Trois jours plus tard, la sage-femme devait laver le bébé (" laver l’enfant ", aussi appelé " laver trois ", était une sorte de rituel religieux qui se déroulait le troisième jour de chaque nouveau-né). Le jour de "laver l'enfant", la sage-femme ne se présenta pas ; elle avait demandé à sa fille d'y aller à sa place.


Personne ne s’attendait à ce que le serment de la sage-femme se réalise, mais le soir de " laver trois ", peu après le départ de la fille de la sage-femme, le bébé mourut soudainement. Le mari et la femme étaient extrêmement tristes lorsqu'ils enterrèrent le bébé dans une boite de bois servant de cercueil. Ils criaient éplorés : " Le serment de la sage-femme s'est à présent réalisé ; il semble que ce soit la raison de la mort de notre bébé, nous avons porté tort à la sage-femme et avons reçu la rétribution !" Les premiers doutes des gens sur la sage-femme se dissipèrent également en entendant cela.


Puis, quelques jours plus tard, le ciel se couvrit soudain de sombres nuages et le tonnerre et les éclairs s'abattirent. Immédiatement, la foudre secoua l’air et alerta le village tout entier. Les gens pensèrent qu’il s’agissait du fracas de fantômes et de monstres. À ce moment quelqu’un sortit en courant d'une maison ayant trouvé à l'intérieur deux corps morts encore agenouillés sur le sol qui avaient été frappés par la foudre, chacun tenait dans ses mains noires calcinées deux pièces d’argent. Lorsque les villageois s'avancèrent pour les identifier, ils reconnurent la sage-femme et sa fille. À ce moment, les gens comprirent tout à coup, sachant avec certitude que les pièces d’argent étaient celles qui avaient été volées.


Alors un miracle survint. Les gens découvrirent que le cercueil dans lequel le couple avait enterré leur bébé avait jailli hors de terre suite au choc et s'était fendu en deux. Le bébé pleurait sur le sol. Les gens le prirent, l’examinèrent attentivement et trouvèrent une aiguille piquée dans son nombril. Ils la retirèrent avec beaucoup de soin et excepté un petit saignement, l'enfant n'avait subi aucun mal.


Lorsque la vérité apparut finalement, les gens comprirent. La sage-femme avait refusé d’admettre avoir volé l’argent et blasphémé. Dans le but de prouver leurs dires, elle et sa fille avaient monté un piège sinistre.

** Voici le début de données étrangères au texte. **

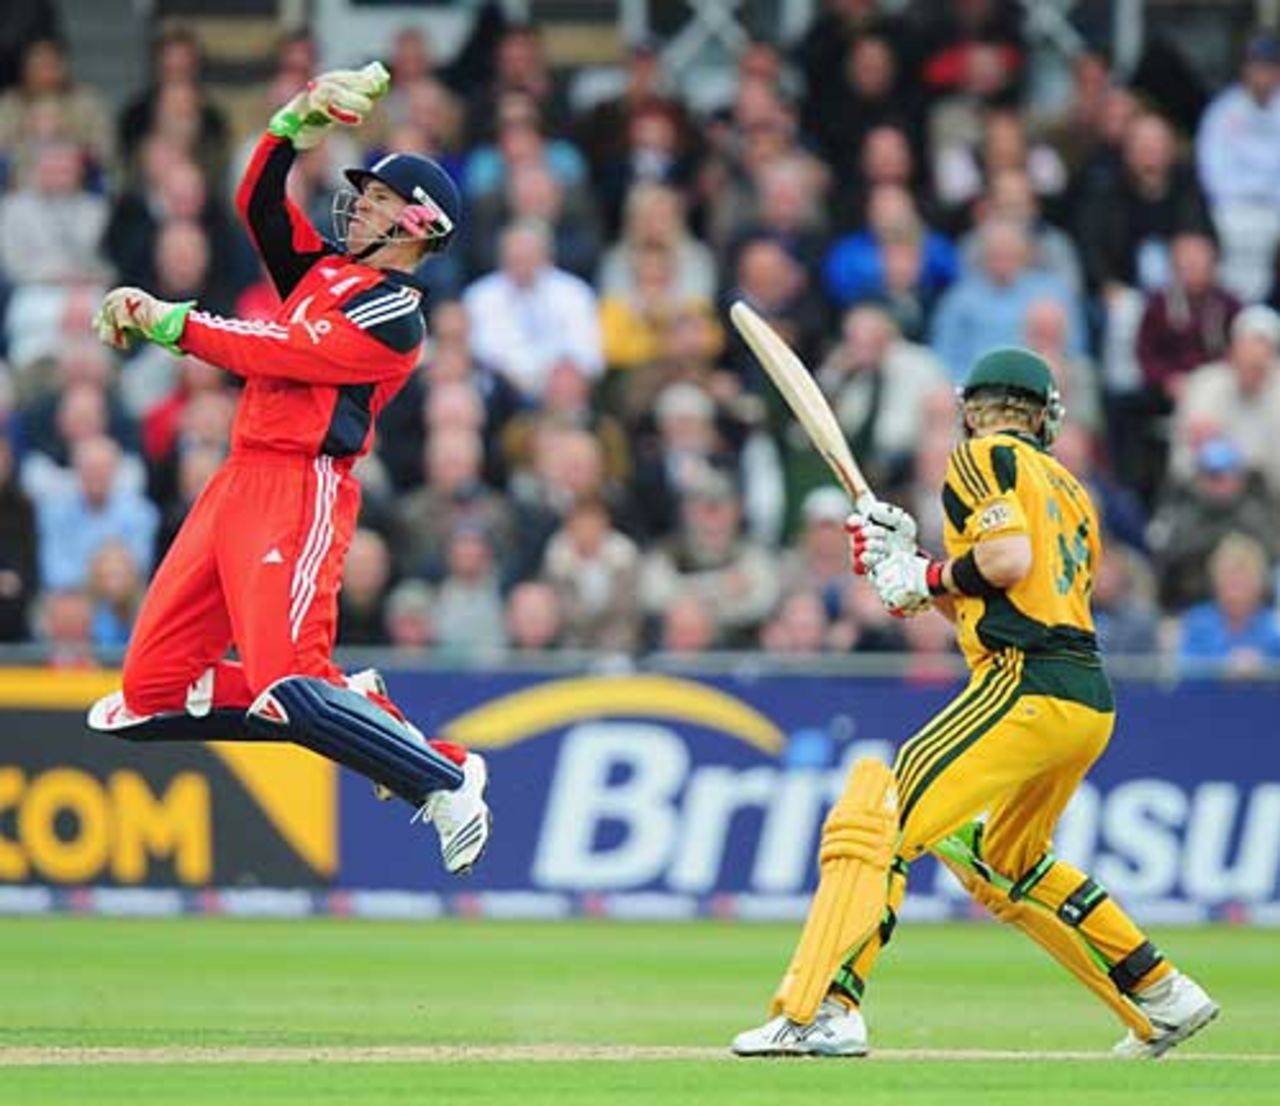 Matt Prior celebrates his catch to remove Tim Paine, England v Australia, 6th ODI, Trent Bridge, September 17, 2009

Elle avait demandé à sa fille d’assassiner le bébé avec une aiguille lors de "laver l'enfant ", afin que les gens ne la soupçonnent pas d'avoir volé l’argent et prouver ainsi son innocence. Jamais elle ne se serait attendu à ce qu' : " une mauvaise intention dans une pièce sombre ne saurait échapper aux yeux perçants des divinités." Elle avait pu tromper les gens ordinaires, mais pas les divinités


Ceux qui sont pleins de méchanceté seront définitivement punis par le ciel, et tout blasphème prononcé se retournera contre eux.

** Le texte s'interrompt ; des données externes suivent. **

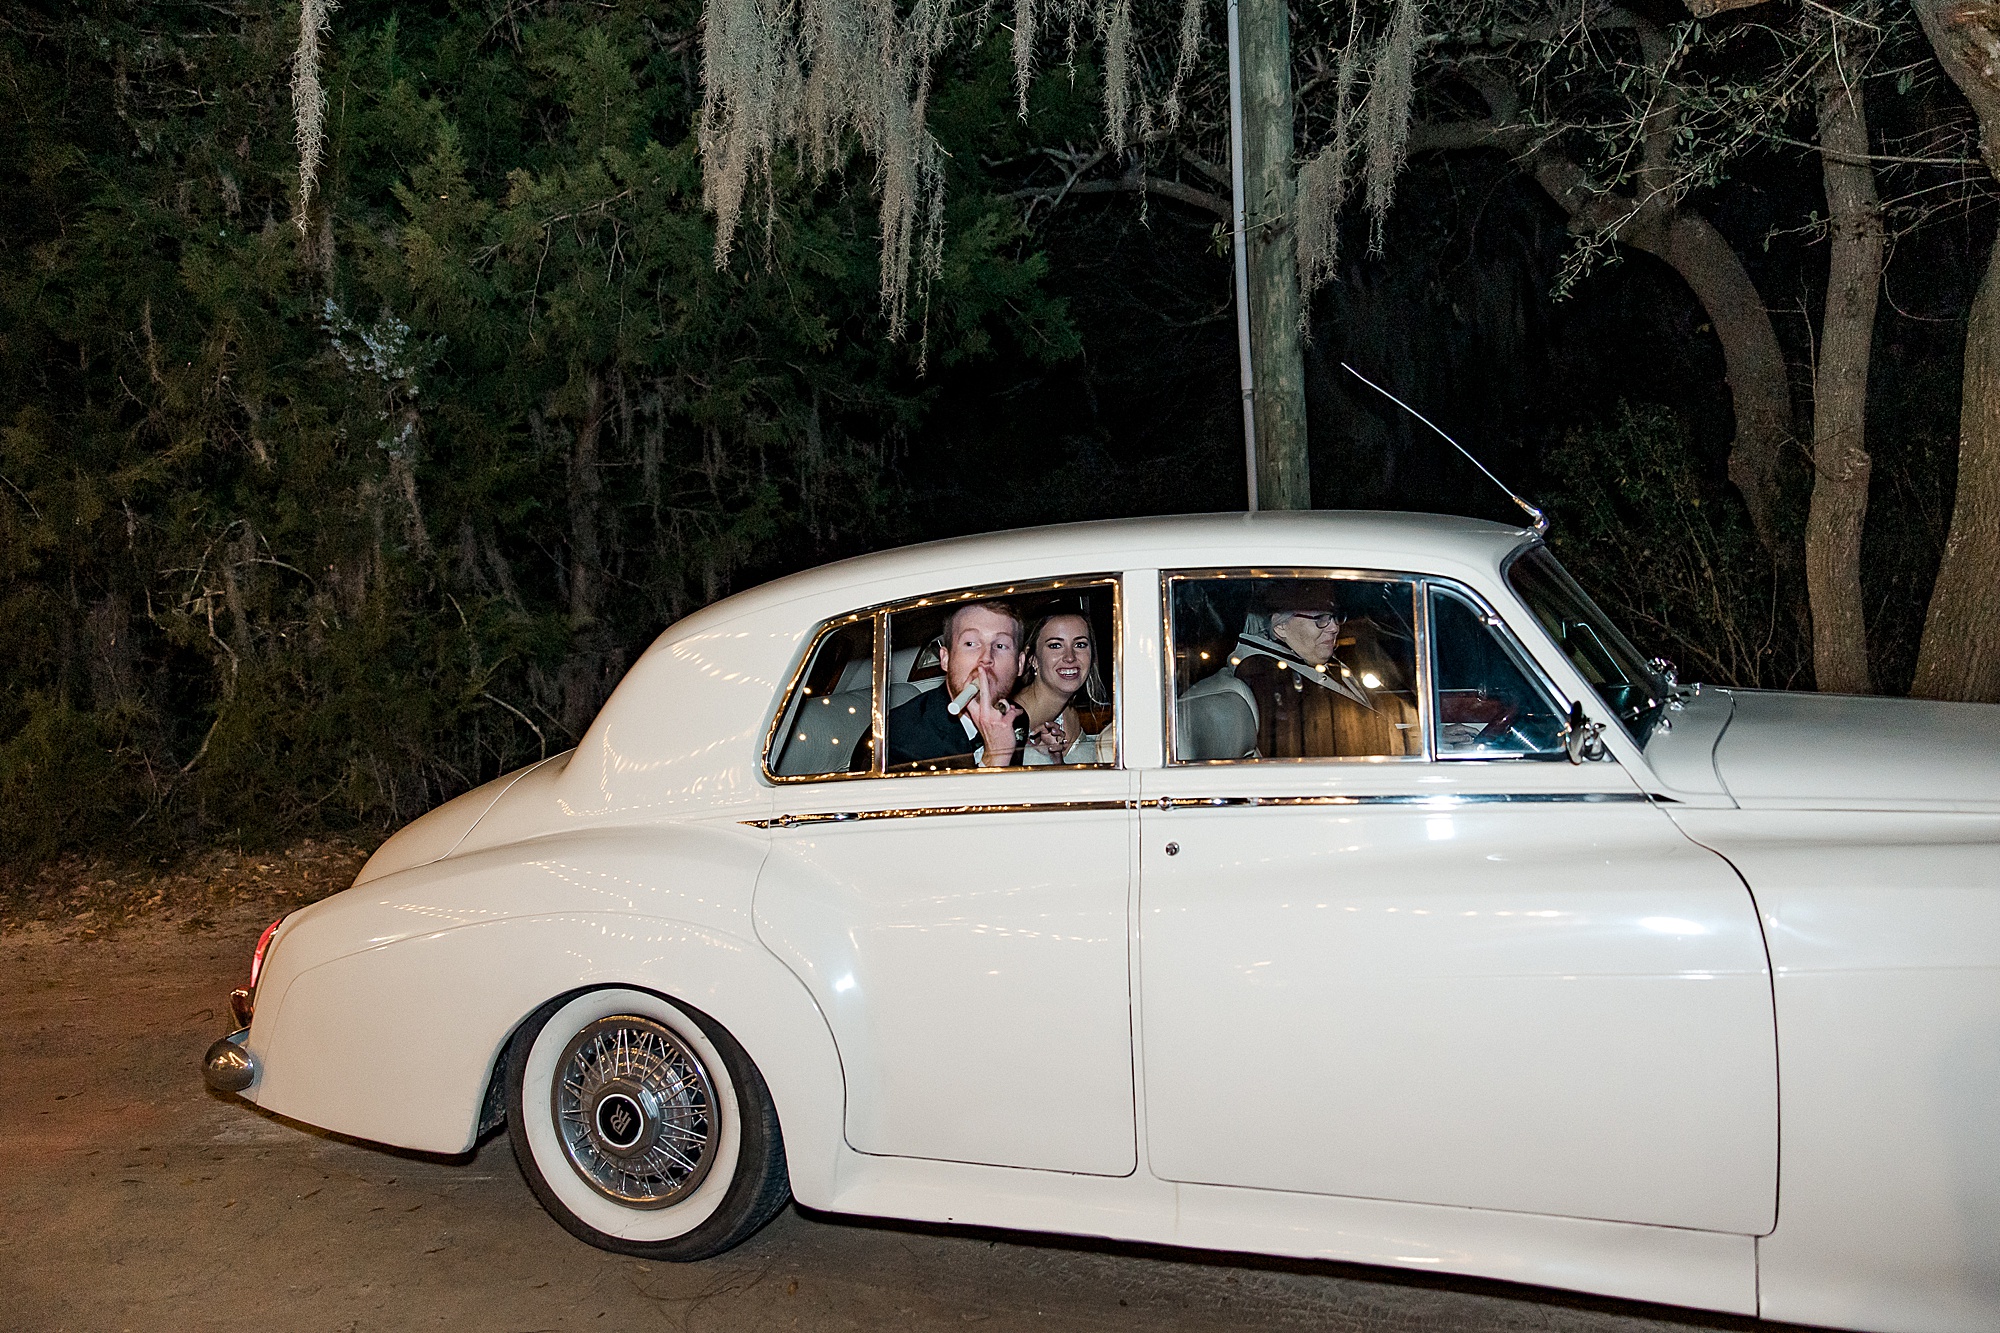 newlyweds exit the Boone Hall Plantation Wedding in a getaway car

Qui d’autres pouvaient-elles blâmer ? Elles ne pouvaient s’en prendre qu'à elles-mêmes et à leur avidité. Une femme mauvaise s’était exposée au courroux des divinités qui avaient accompli sa propre malédiction, et une femme vicieuse avait été frappée par la foudre pour avoir nui à un nouveau-né. Le bébé, qui n’était pas destiné à mourir, avait été secouru par les divinités.